_STORED DATA_

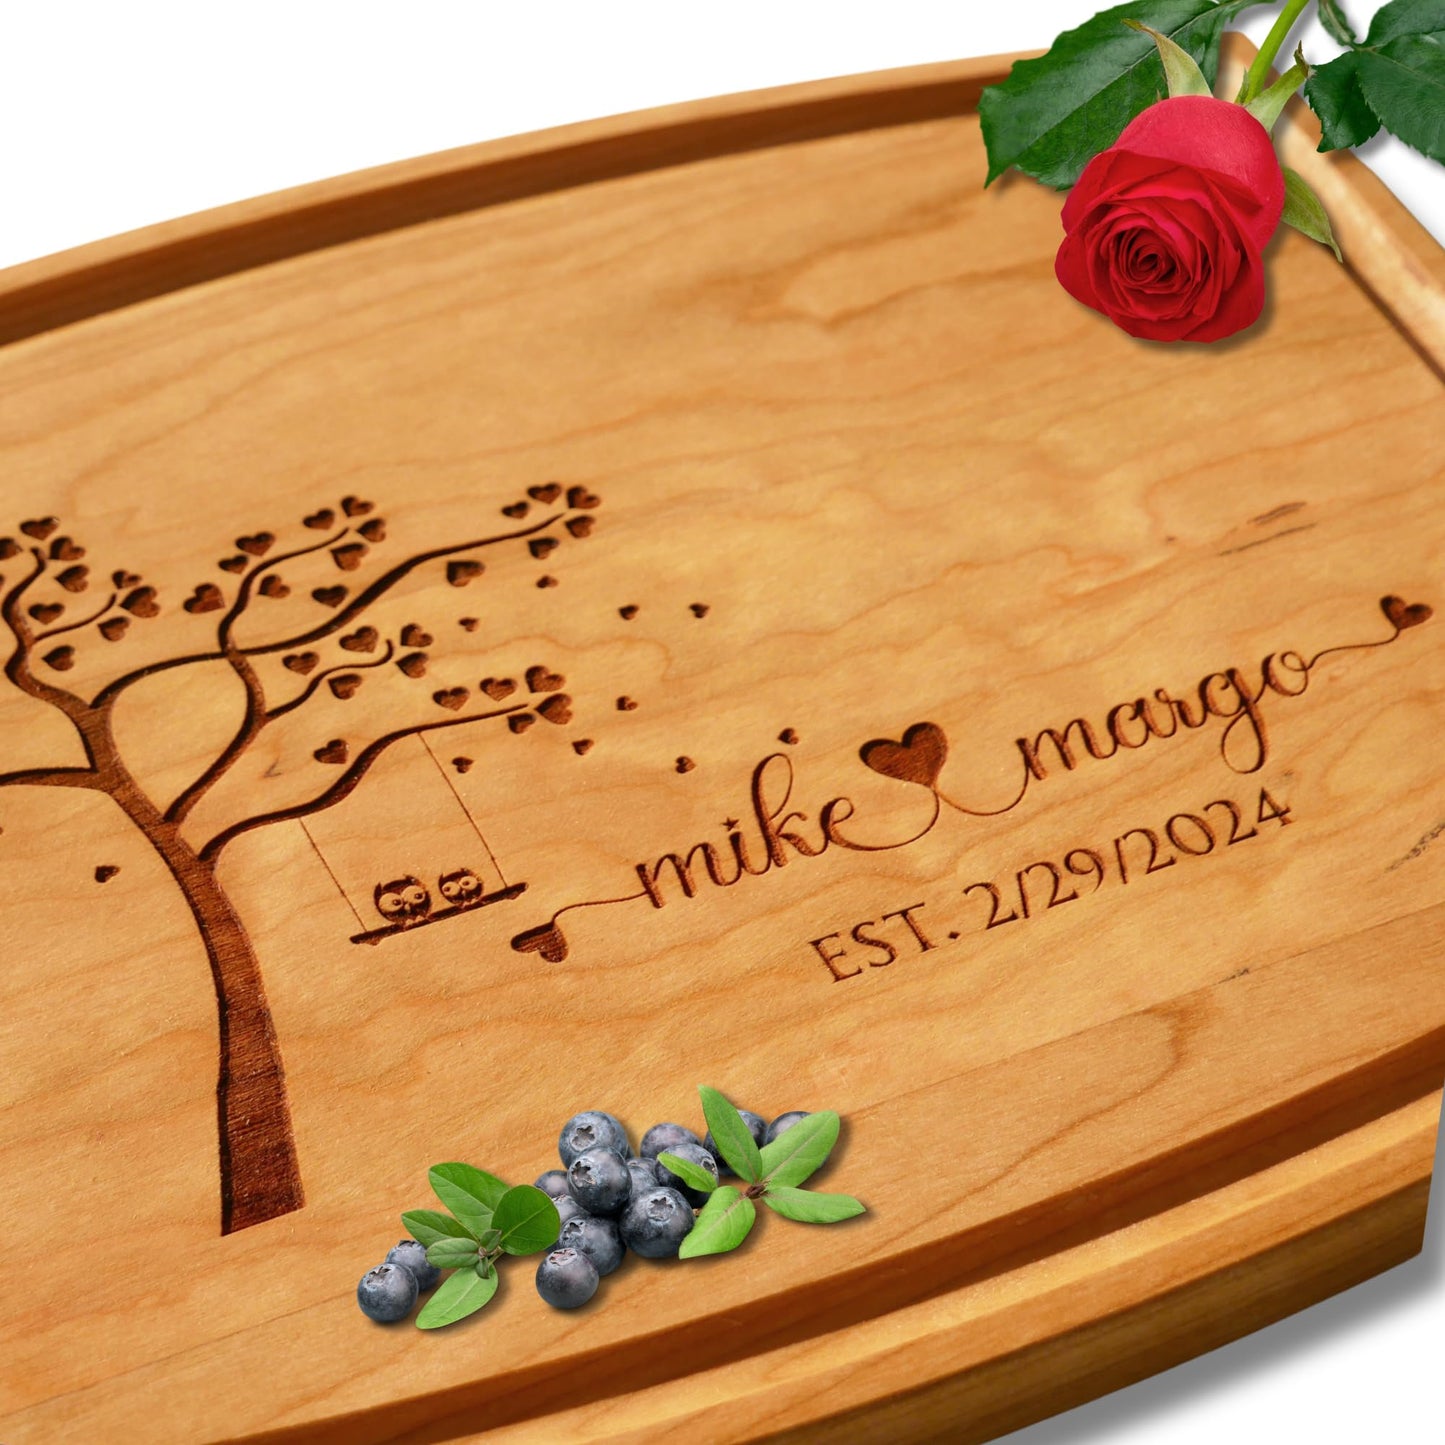 Handmade in USA - Wood Personalized Cutting Board - Unique Wedding Gift Idea for Couples, Anniversary, Christmas, Bridal Shower, Housewarming - Many
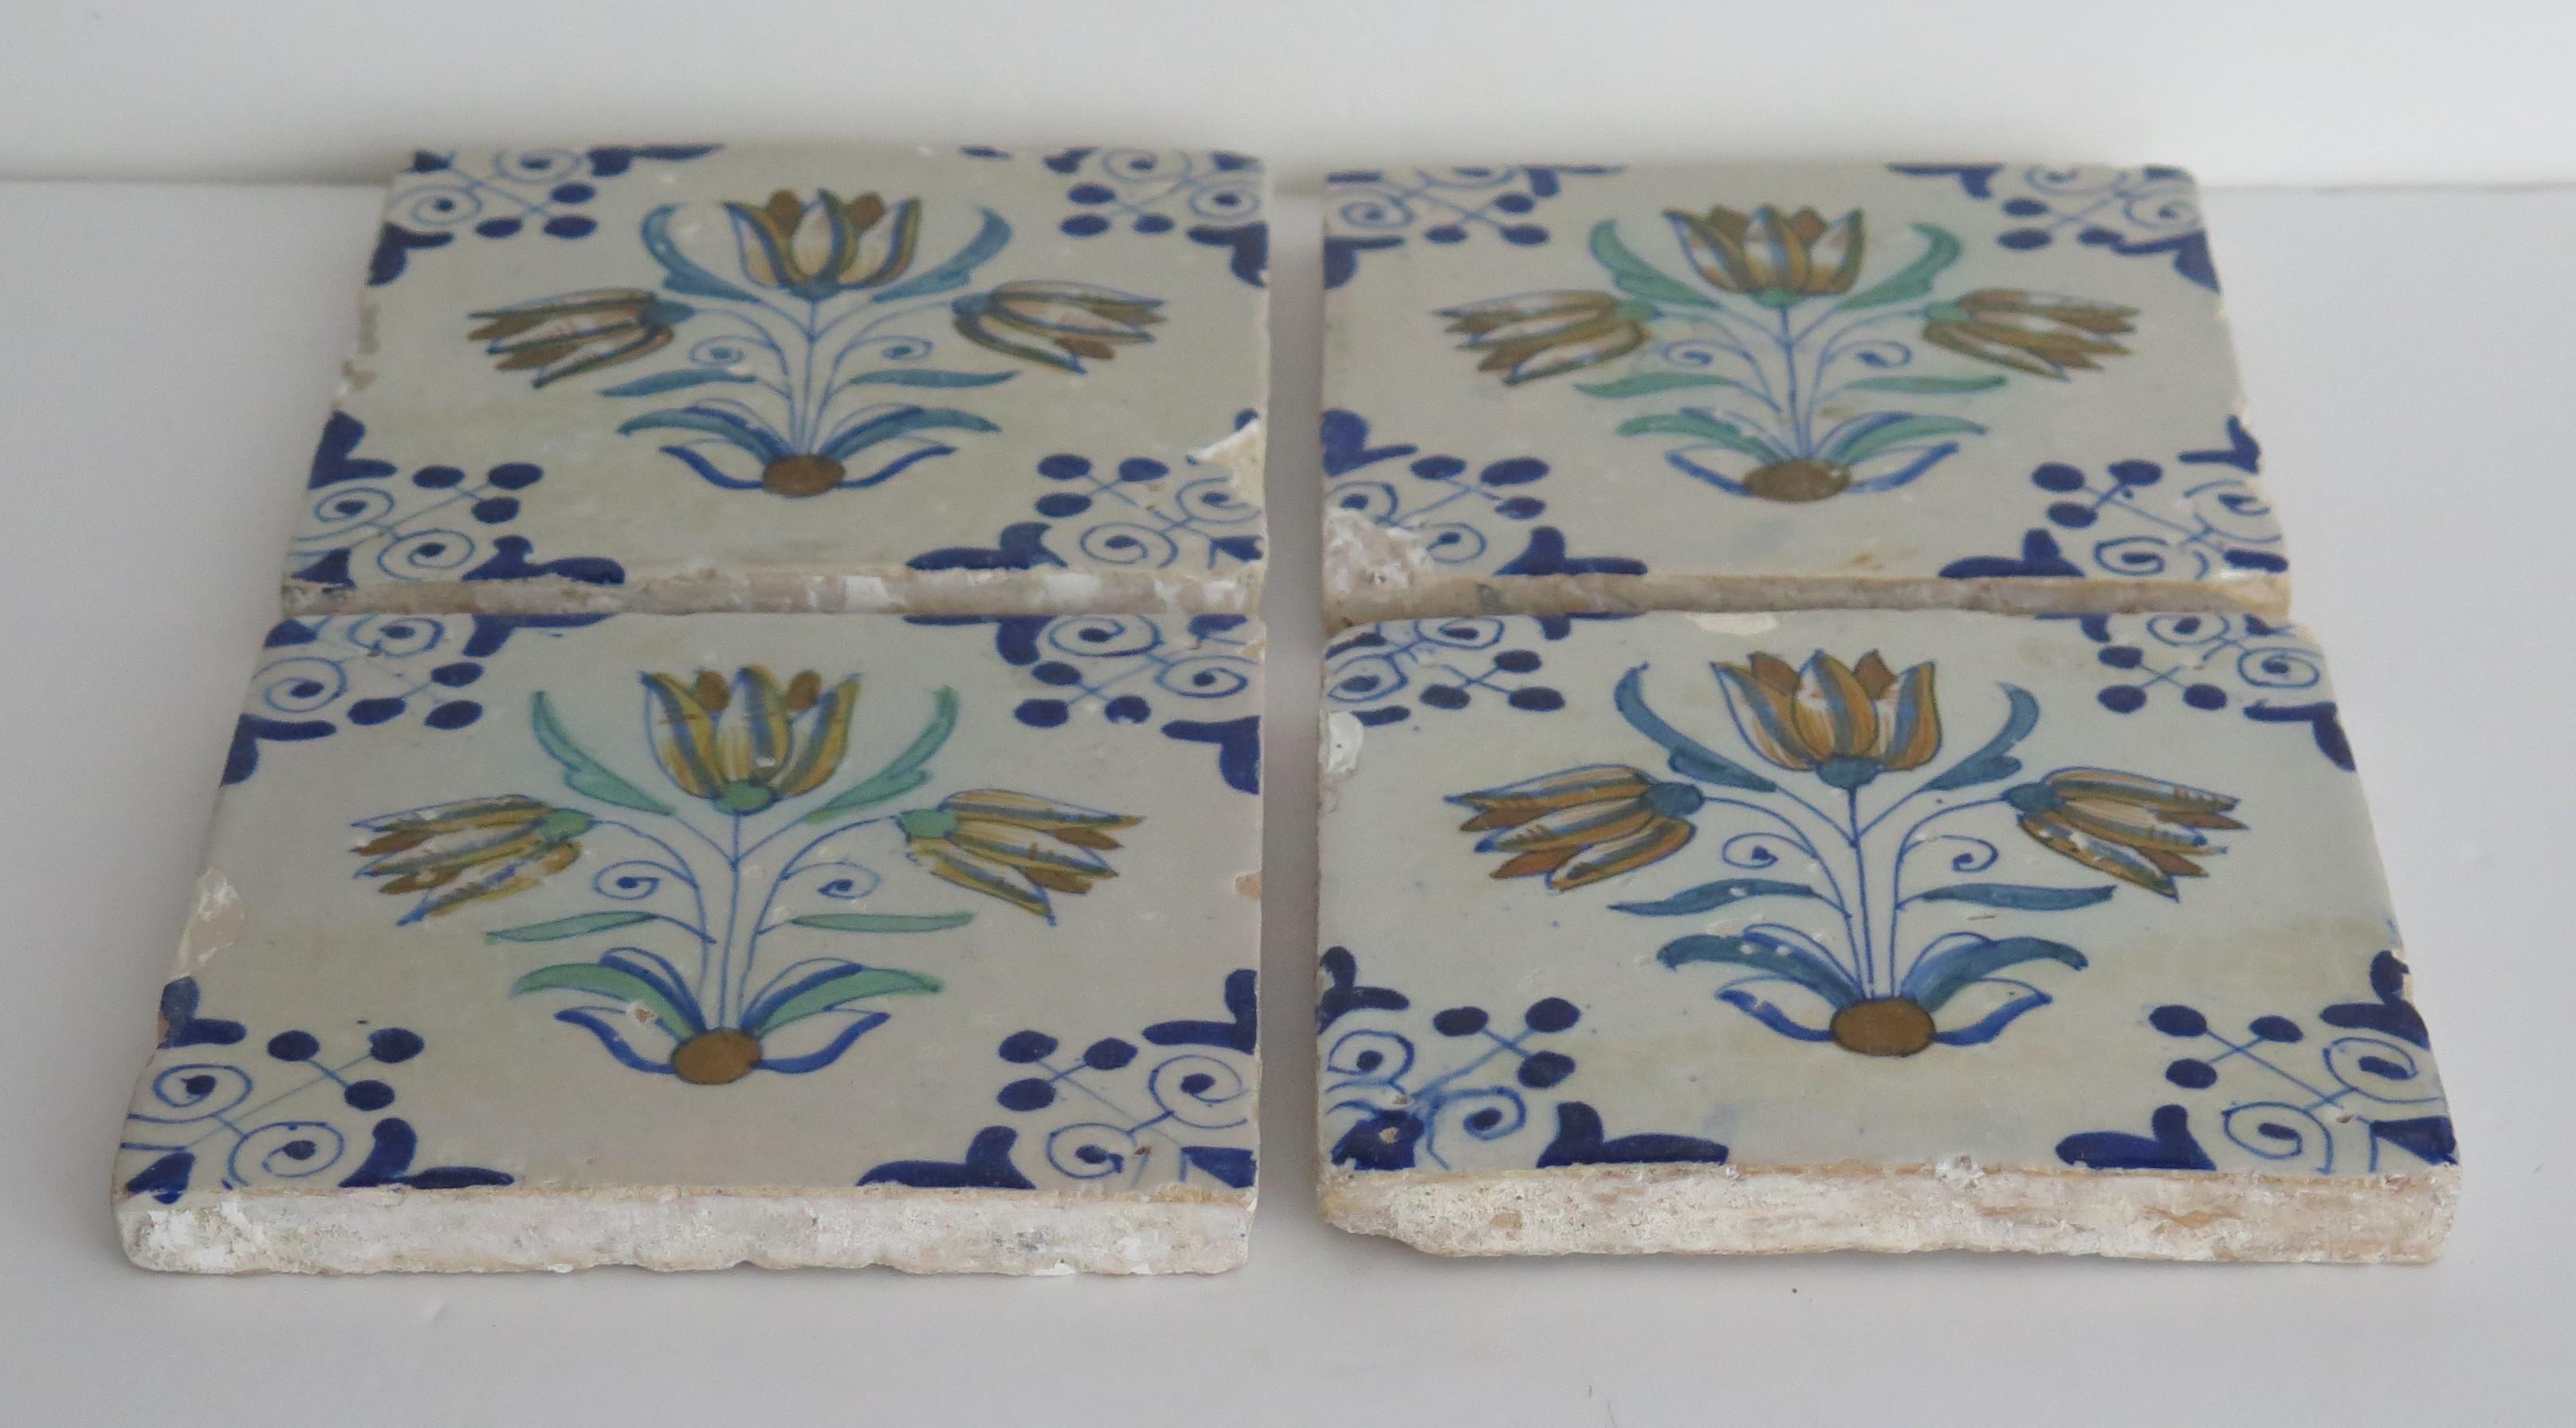 These are a set of four very attractive similar, Dutch (Netherlands), delft Polychrome, blue and white hand painted earthenware ceramic wall tiles dating to the early 17th century.

All tiles are nominally 5 inches square and 1/2 inches thick.
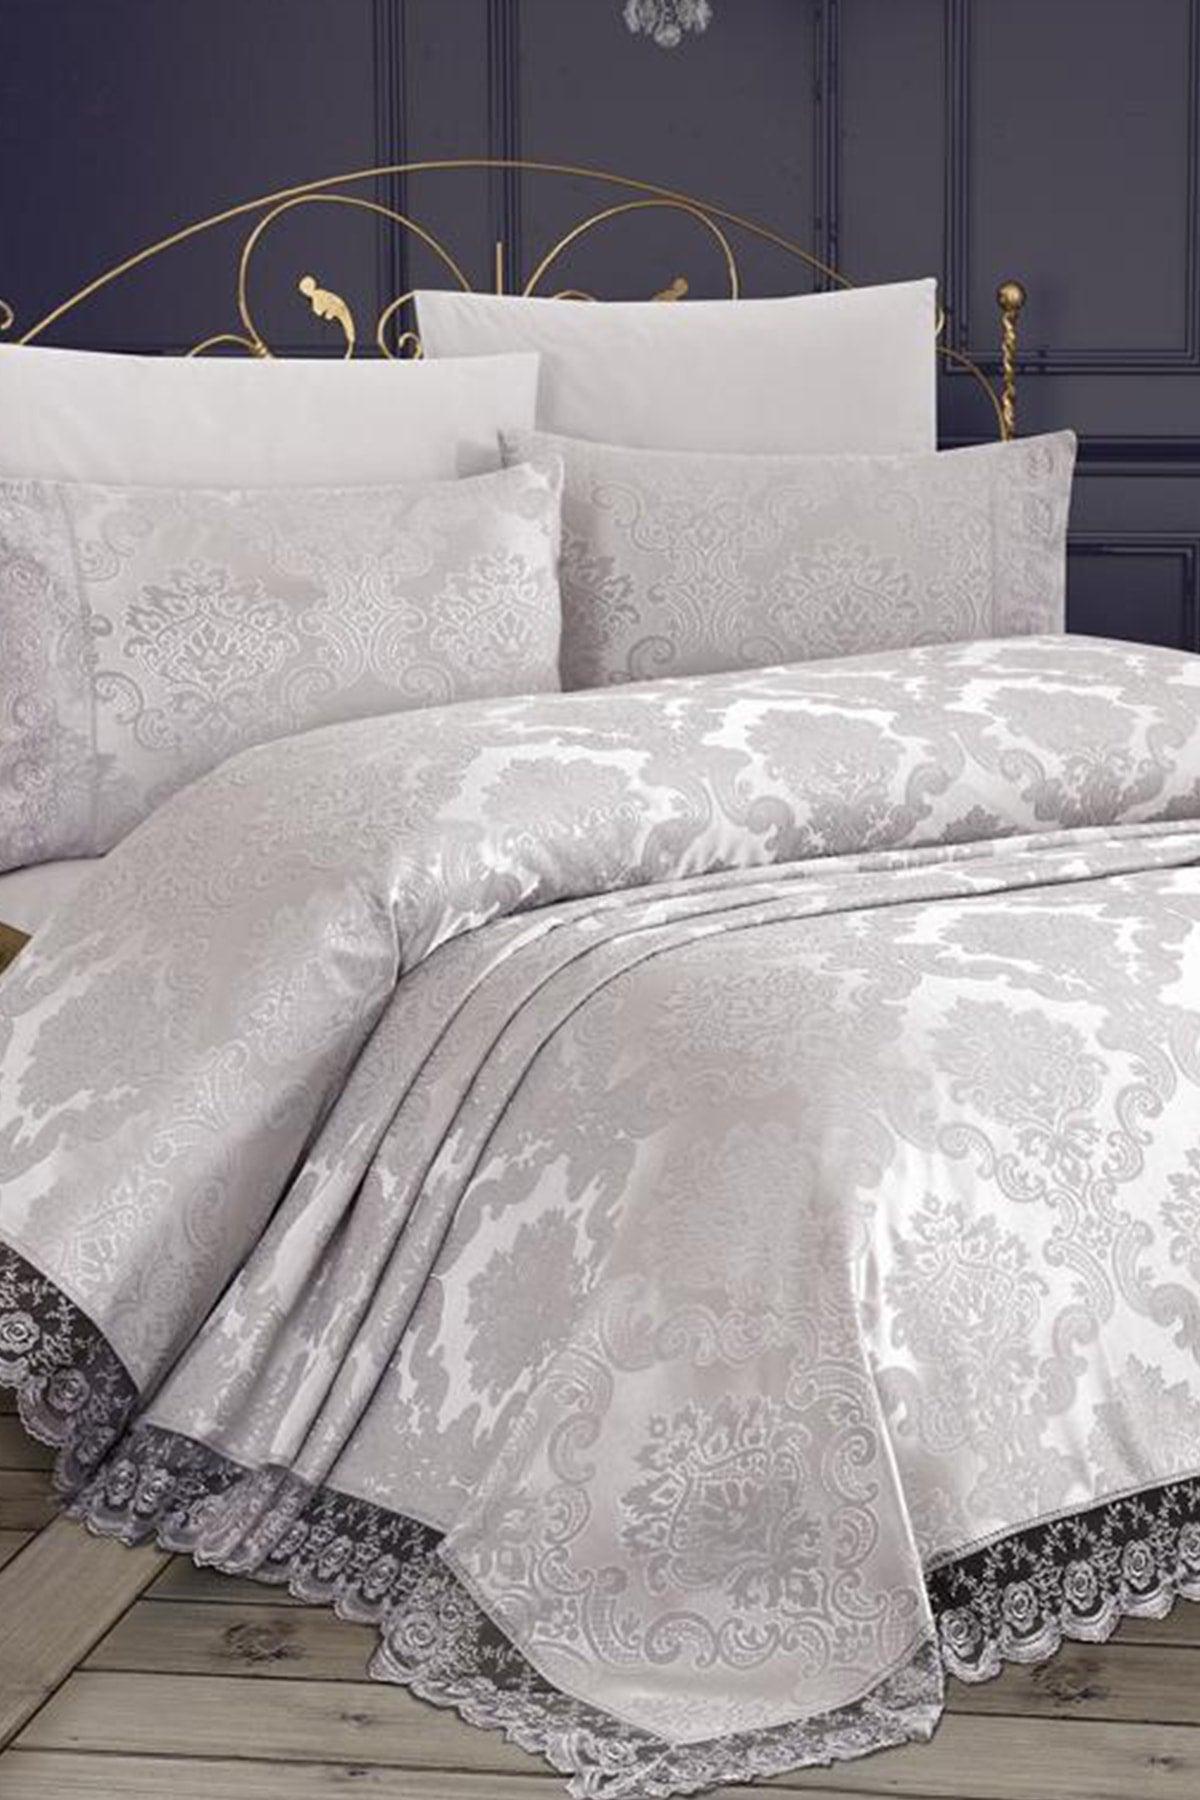 French Lace Kure 3 Piece Bedspread Gray - Swordslife

_GOAL OF THE EXERCISE_
All the material above should be written out exactly, with images omitted.

_OUTPUT BELOW_
 Handmade in USA - Wood Personalized Cutting Board - Unique Wedding Gift Idea for Couples, Anniversary, Christmas, Bridal Shower, Housewarming - Many
 These are a set of four very attractive similar, Dutch (Netherlands), delft Polychrome, blue and white hand painted earthenware ceramic wall tiles dating to the early 17th century.

All tiles are nominally 5 inches square and 1/2 inches thick.
 French Lace Kure 3 Piece Bedspread Gray - Swordslife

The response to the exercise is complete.